We are triggering and micing the bass drums, a Friend of mine said we should pan the mic'd ones Half left and half right respectively? Is this a good idea?

He also was talking about panning the snare a hair to the right?

And i was wondering since the bass guitar follows my guitar lines or is based off mine and the other guitarist who will be in the right side (we are hard panning the guitars left and right) If we should pan the bass guitar a hair to his side to compliment the fact that the bass is following pretty much what I play?

3 overhead mics 1 75% left, one centered, and the final one being 75% right? something like that...

See we are going to be recording for dirt cheap but we wont have a producer, he's telling us basically what to do (I've recorded before but never in a studio on Cubase which is what he uses) And i've never done any panning on the drums but the way my friend made it sound, it sounds semi intelligent. Whats your opinions all you guys who've actually done this before haha?
 
Oh god - tell your friend to die!


Kicks not centered, and especially two kicks, makes my head spin.

Snare in center is a generally good rule - some people like it a tiny bit one way or the other. I personally hate it

You're going to want to keep bass dead center.

Try the OH's panned hard L/R, and one in the center. If it's sounding too wide, pan inward.
 
The only things I pan when tracking are the OHs. Hard left/right. Track everything else straight up, and start panning during mixing. If you do buss the toms during tracking, and pan them in their place (to save on tracks), think about drummer and listener perspective, and matching your OH panning. When mixing, try this: Kick(s), snare, bass, and vox-center. Guitars- hard left/right.
 
The only things I pan when tracking are the OHs. Hard left/right. Track everything else straight up, and start panning during mixing. If you do buss the toms during tracking, and pan them in their place (to save on tracks), think about drummer and listener perspective, and matching your OH panning. When mixing, try this: Kick(s), snare, bass, and vox-center. Guitars- hard left/right.

how can you track in mono, i've tried it a few times, and the guitars just become a gigantic confusing mess of frequencies in the center, well sorta
i mean, to me i can hear whats going on, but the guitarists are usually like, what the hell

i pan from the get go
 
First guitar is centered, then I pan it for tracking the next guitar, etc.:p

This is very similar to what we do in our studio. We track the first one centered, then pan that hard to one side and monitor the input panned hard to the other side. You know the take is good when it sounds like there is only one guitar playing.
 
So how do i track 4 guitars?

See we were going to record live? then record the 2nd set of guitars along with what we recorded live? is there a more efficent method?
 
Yeah, your live guitar tracks would be normally considered "scratch" tracks, meaning you probably wouldn't use them.
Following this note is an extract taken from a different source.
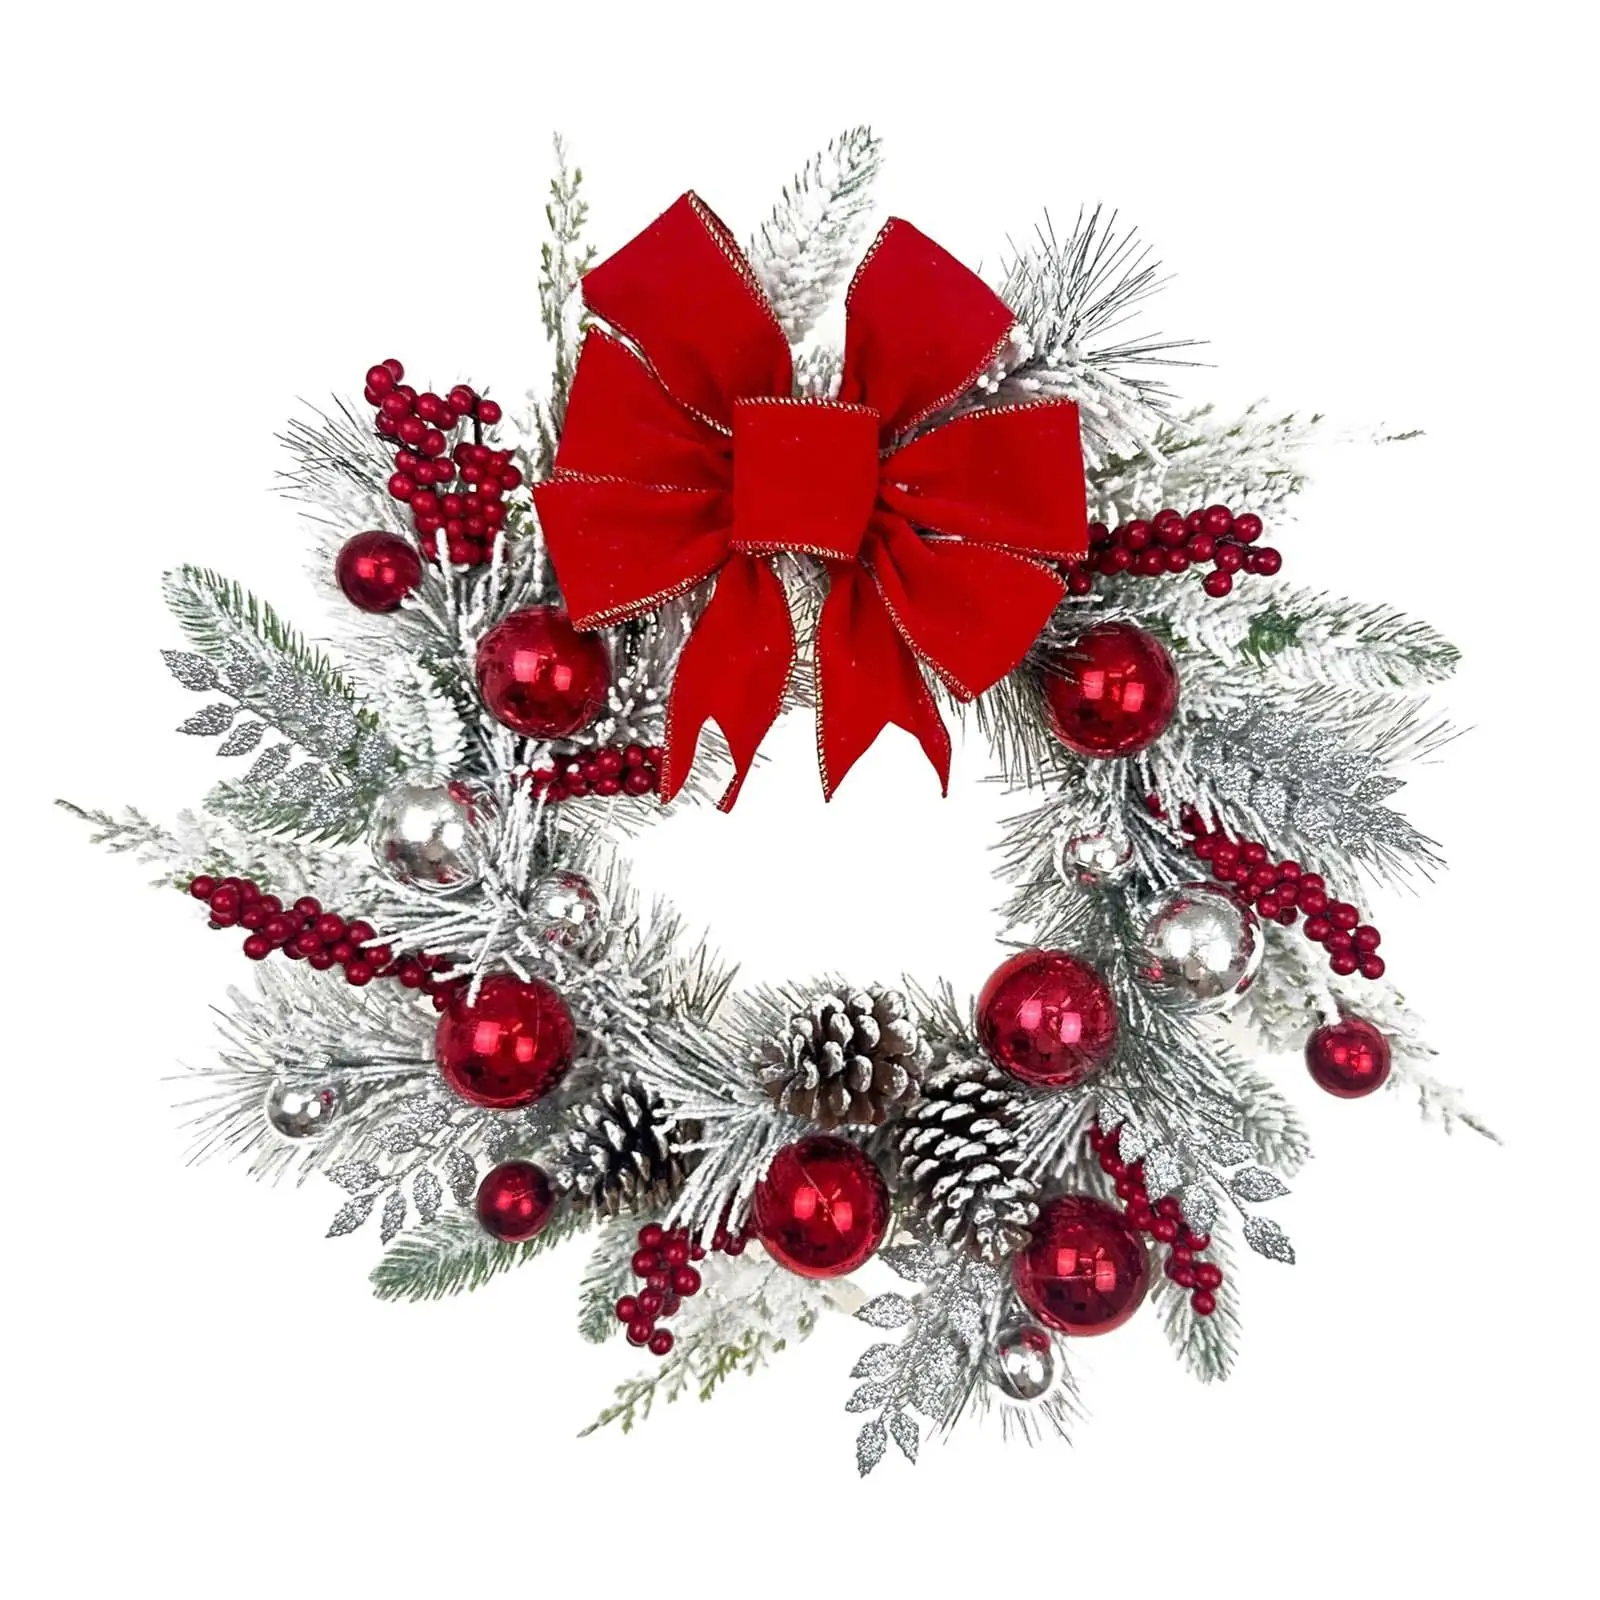 Christmas Wreath Decorative Realistic Hanging Ornament Garland Front Door Winter Wreath for House Office Wedding Xmas Decor

Usually the "keeper" tracks are the drums(played to a click), during the live tracking, then going back and overdubbing guitars, bass, vox, etc. to these "keeper" drum tracks. You can use your scratch guitar track as a guide, while you overdub your "bitchin" guitar takes. The scratch usually gets scratched after a couple of good overdubbed takes. When you overdub your guitar parts. Do a take, then pan that take hard and play that bitch EXACTLY the same. Don't even stop to take a smoke, just get the double done. Pan that hard the other way, then keep doubling them. I use 2 guitars hard left/right, and two guitars panned 80%. Leads down the center.
 
We are using a Jcm 2000 and a XXX any suggestions on best way to mix them? should we have alternate for takes or have each amp in a different panning?
 
Blegh, I can get some good rock rhythm guitar tones out of my JCM2000, but for metal it sounds thin and flabby, even with a tubescreamer in front. If anyone has recorded a good metal tone out of that amp, I would love to hear both the tone AND an explanation as to how the tone was accomplished.